Get all the session related jobs from alyx and run them

Parameters:

status__in – lists of status strings to run in

[‘Waiting’, ‘Started’, ‘Errored’, ‘Empty’, ‘Complete’] :param machine: string identifying the machine the task is run on, optional :param clobber: bool, if True any existing logs are overwritten, default is True :param kwargs: arguments passed downstream to run_alyx_task :return: jalyx: list of REST dictionaries of the job endpoints :return: job_deck: list of REST dictionaries of the jobs endpoints :return: all_datasets: list of REST dictionaries of the dataset endpoints

rerun_failed(**kwargs)[source]
rerun(**kwargs)[source]
property name
str2class(task_executable: str)[source]

Convert task name to class.

Parameters:

task_executable (str) – A Task class name, e.g. ‘ibllib.pipes.behavior_tasks.TrialRegisterRaw’.

Returns:

The imported class.

Return type:

class

run_alyx_task(tdict=None, session_path=None, one=None, job_deck=None, max_md5_size=None, machine=None, clobber=True, location='server', mode='log')[source]

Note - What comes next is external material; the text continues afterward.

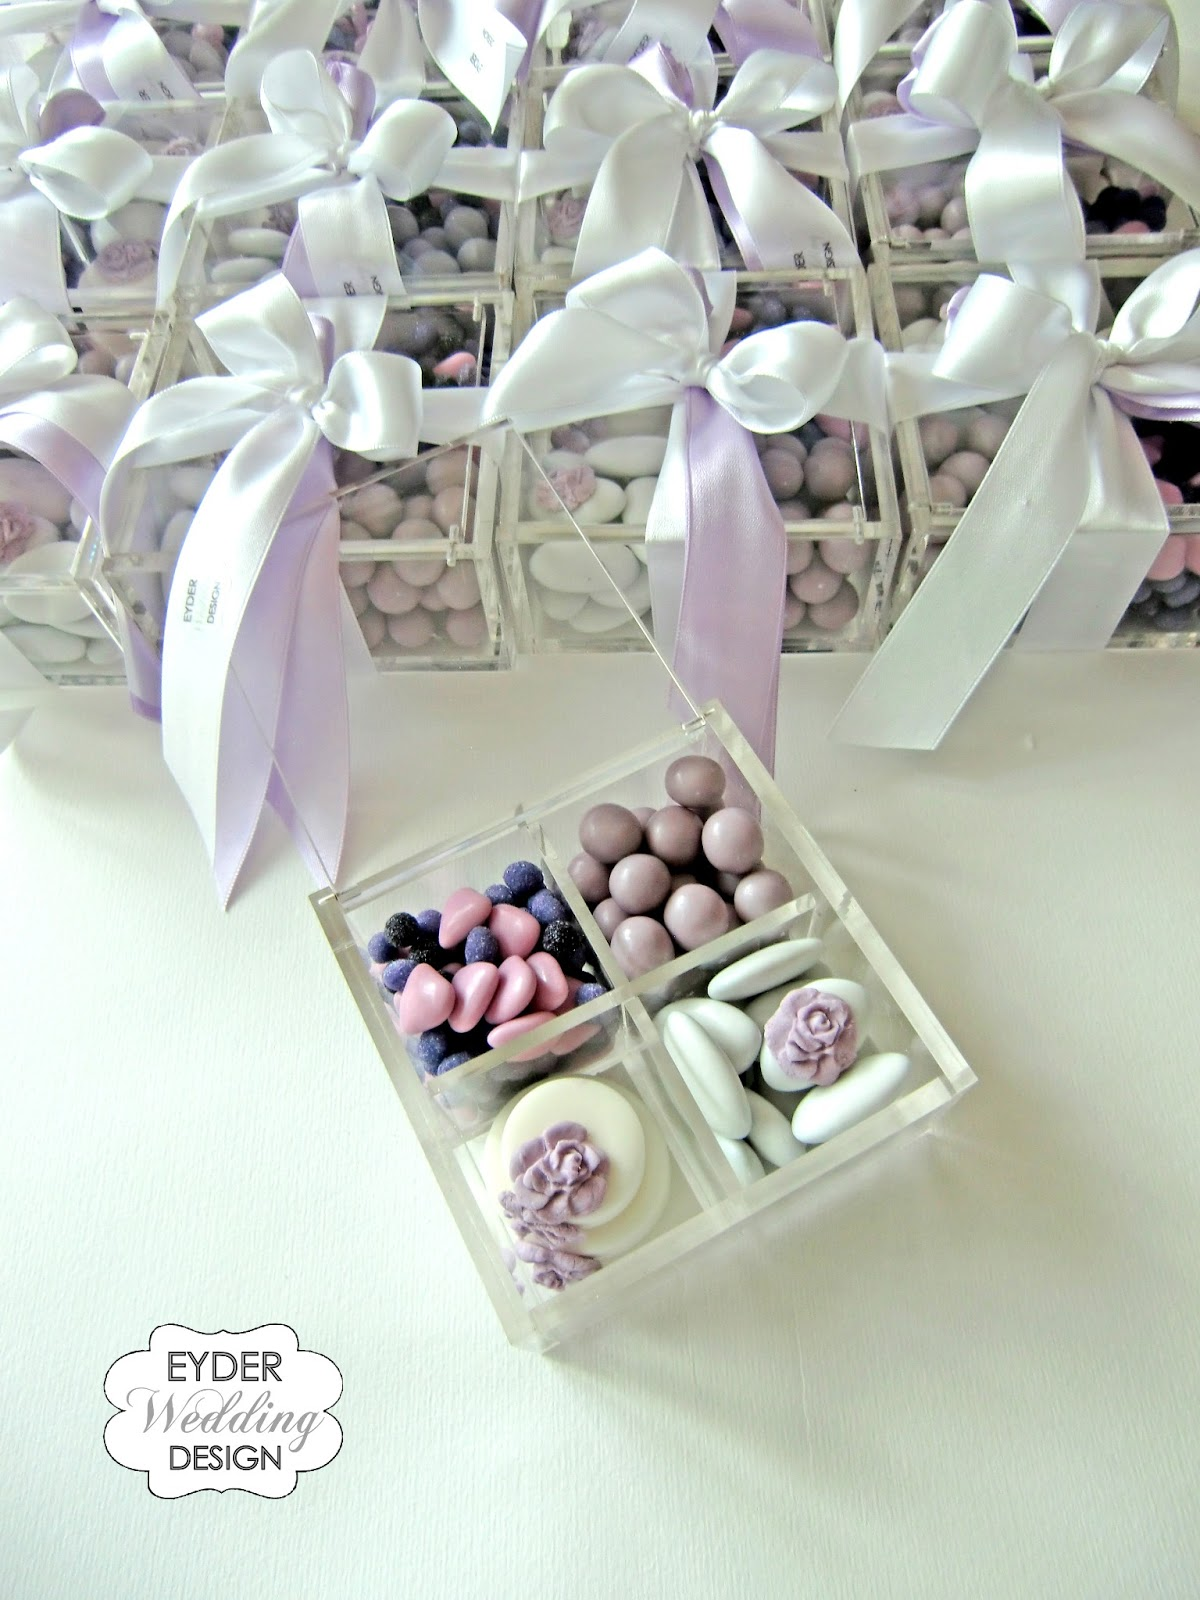 Connu EYDER Wedding DESIGN: Scatole degustazione e bomboniere in plexiglass VF99

Runs a single Alyx job and registers output datasets.

Parameters:
  • tdict (dict) – An Alyx task dictionary to instantiate and run.

  • session_path (str, pathlib.Path) – A session path containing the task input data.

  • one (one.api.OneAlyx) – An instance of ONE.

  • job_deck (list of dict, optional) – A list of all tasks in the same pipeline. If None, queries Alyx to get this.

  • max_md5_size (int, optional) – An optional maximum file size in bytes. Files with sizes larger than this will not have their MD5 checksum calculated to save time.

  • machine (str, optional) – A string identifying the machine the task is run on.

  • clobber (bool, default=True) – If true any existing logs are overwritten on Alyx.

  • location ({'remote', 'server', 'sdsc', 'aws'}) – Where you are running the task, ‘server’ - local lab server, ‘remote’ - any compute node/ computer, ‘sdsc’ - Flatiron compute node, ‘aws’ - using data from AWS S3 node.

  • mode ({'log', 'raise}, default='log') – Behaviour to adopt if an error occurred. If ‘raise’, it will raise the error at the very end of this function (i.e. after having labeled the tasks).

Returns:

  • dict – The updated task dict.

  • list of pathlib.Path – A list of registered datasets.